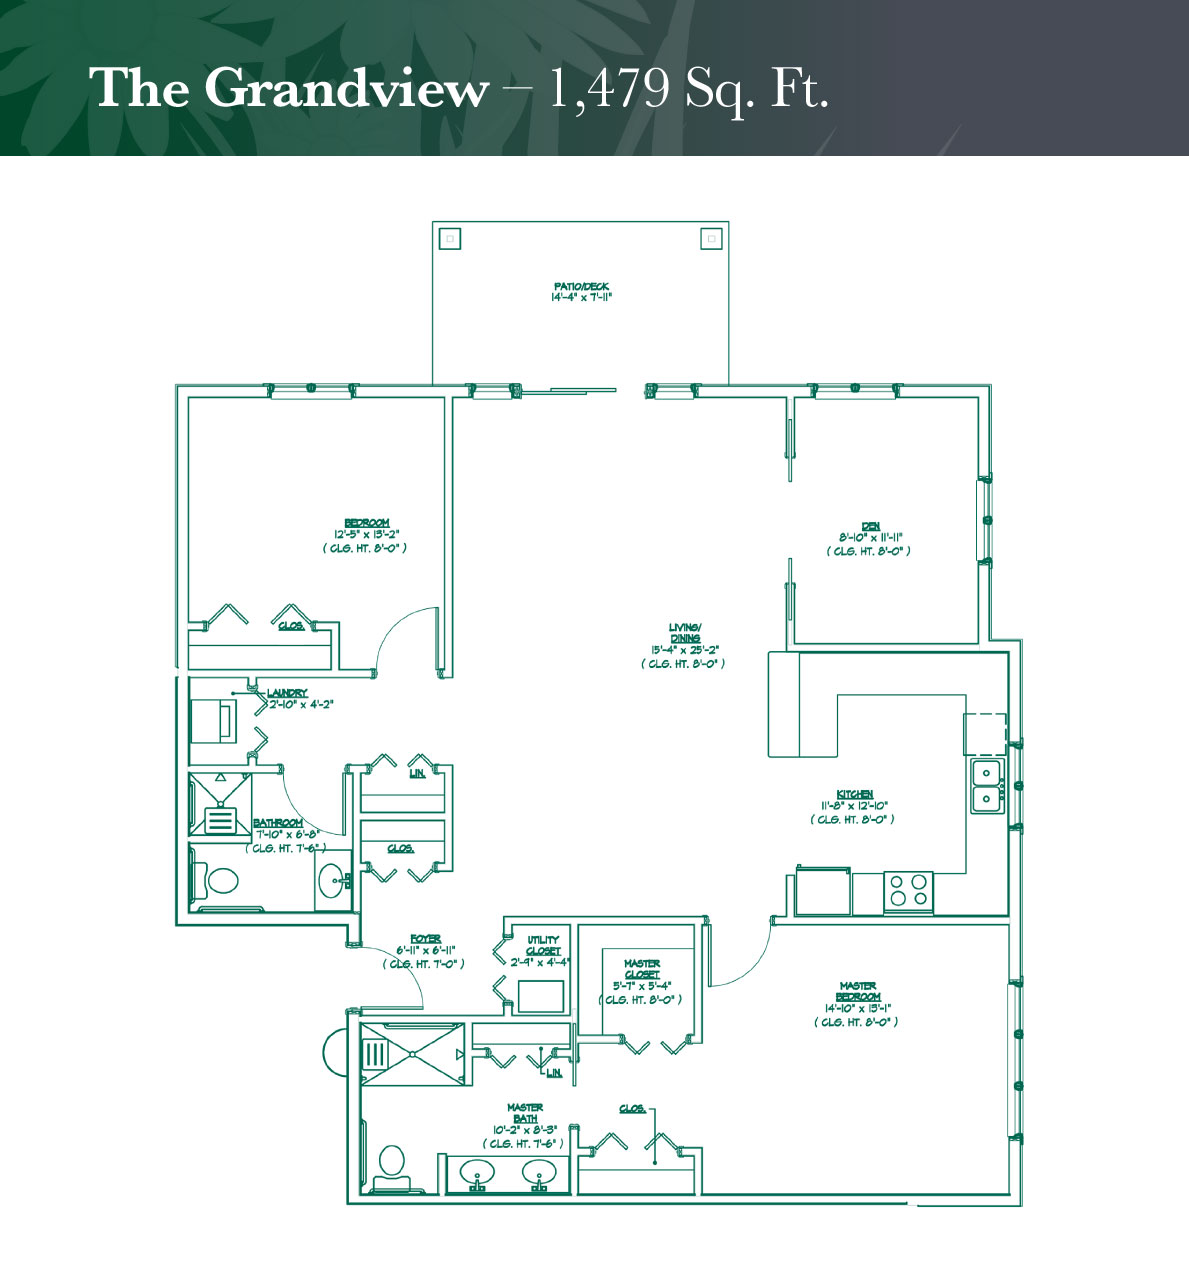 The Grandview Floorplan
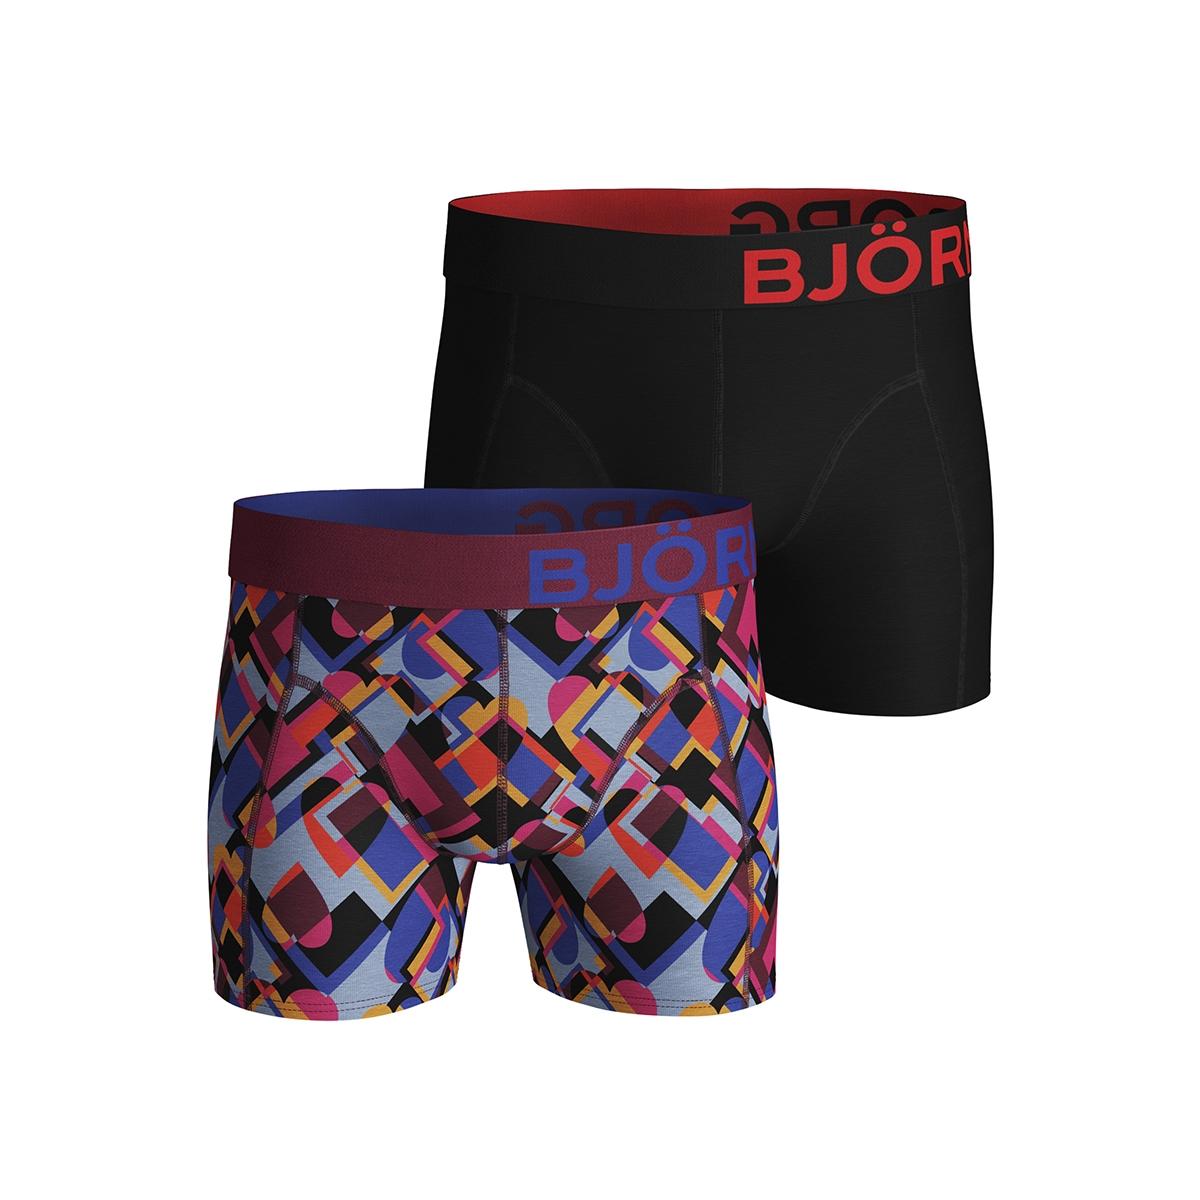 2p shorts bb amour 1841 1159 bjorn borg ondergoed 70261 dazzling blue
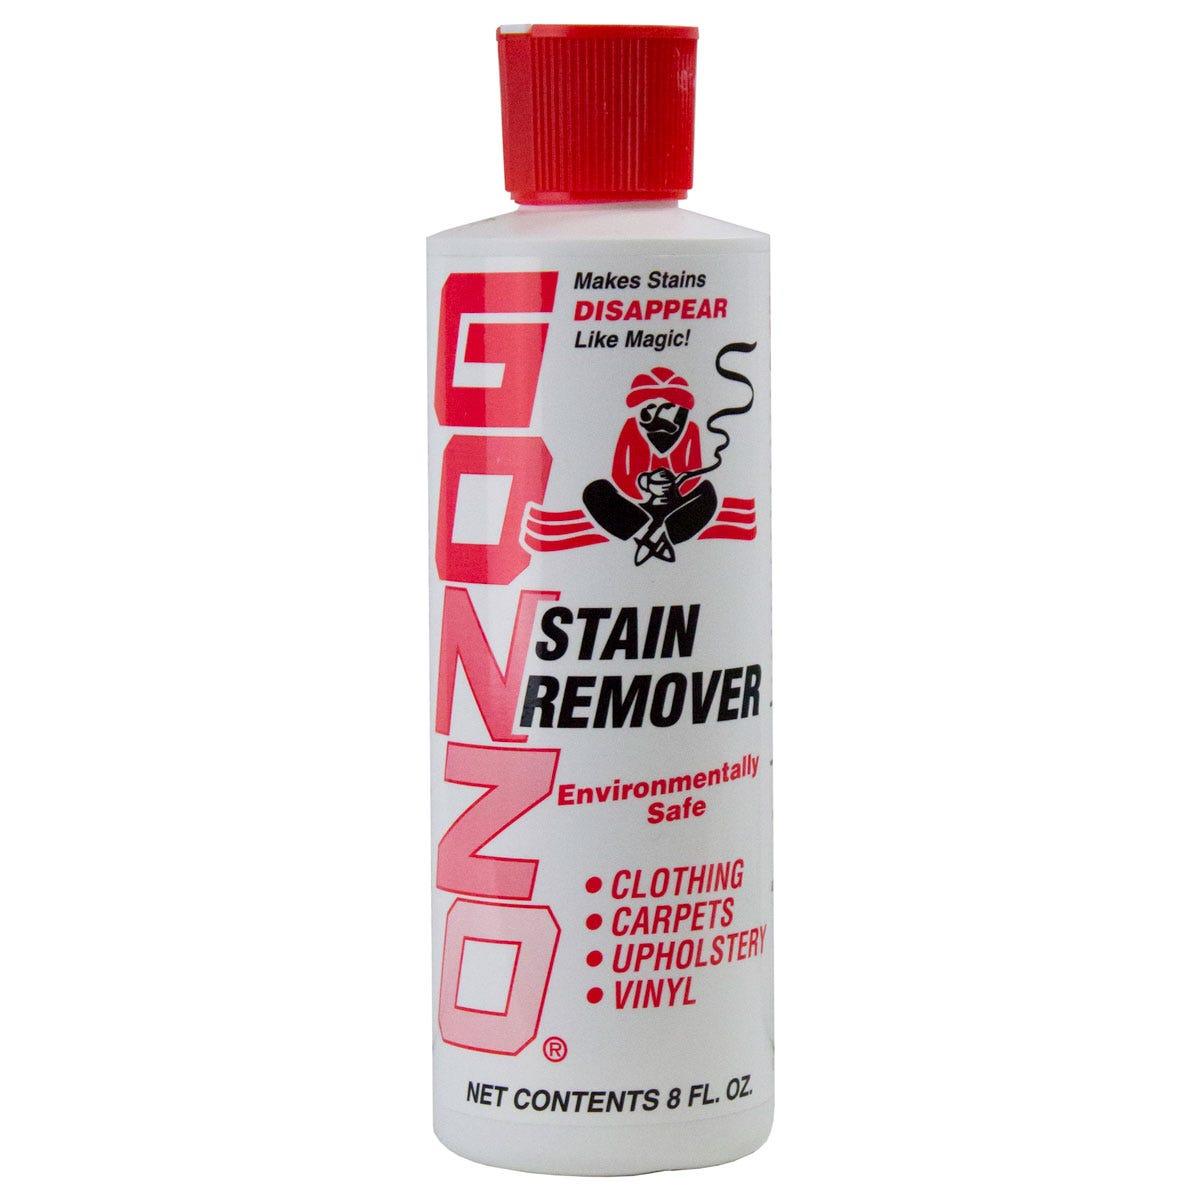 https://googone.com/media/catalog/product/g/o/gonzo-stain-remover_front.jpg
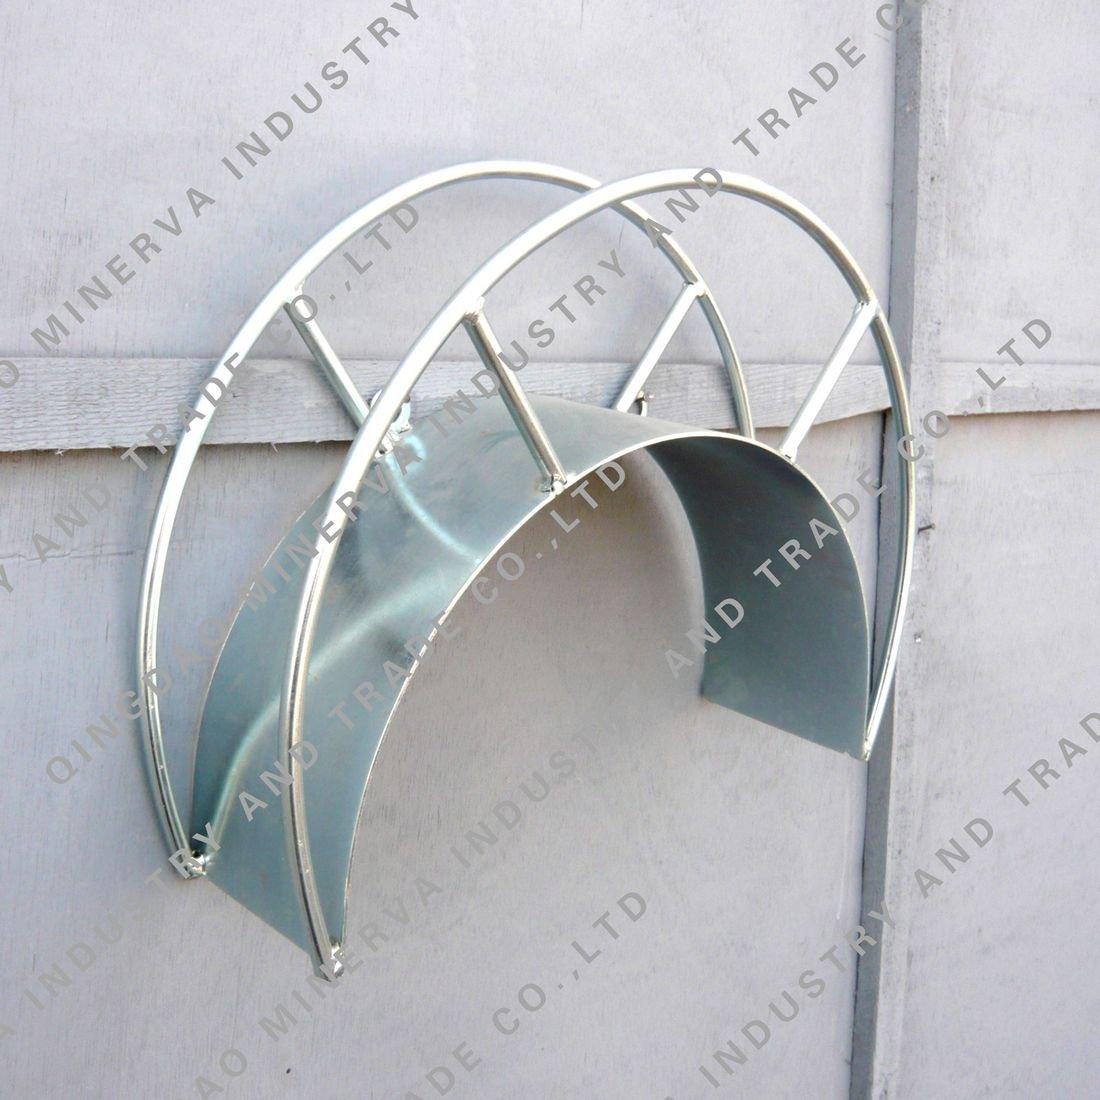 Water Hose Hanger Water Hose Galvanize Metal
= = =
## TASK TO COMPLETE
Output, word for word, the full listing above, with no pictures.

## EXERCISE SOLUTION
 The Grandview Floorplan
 2p shorts bb amour 1841 1159 bjorn borg ondergoed 70261 dazzling blue
 https://googone.com/media/catalog/product/g/o/gonzo-stain-remover_front.jpg
 Water Hose Hanger Water Hose Galvanize Metal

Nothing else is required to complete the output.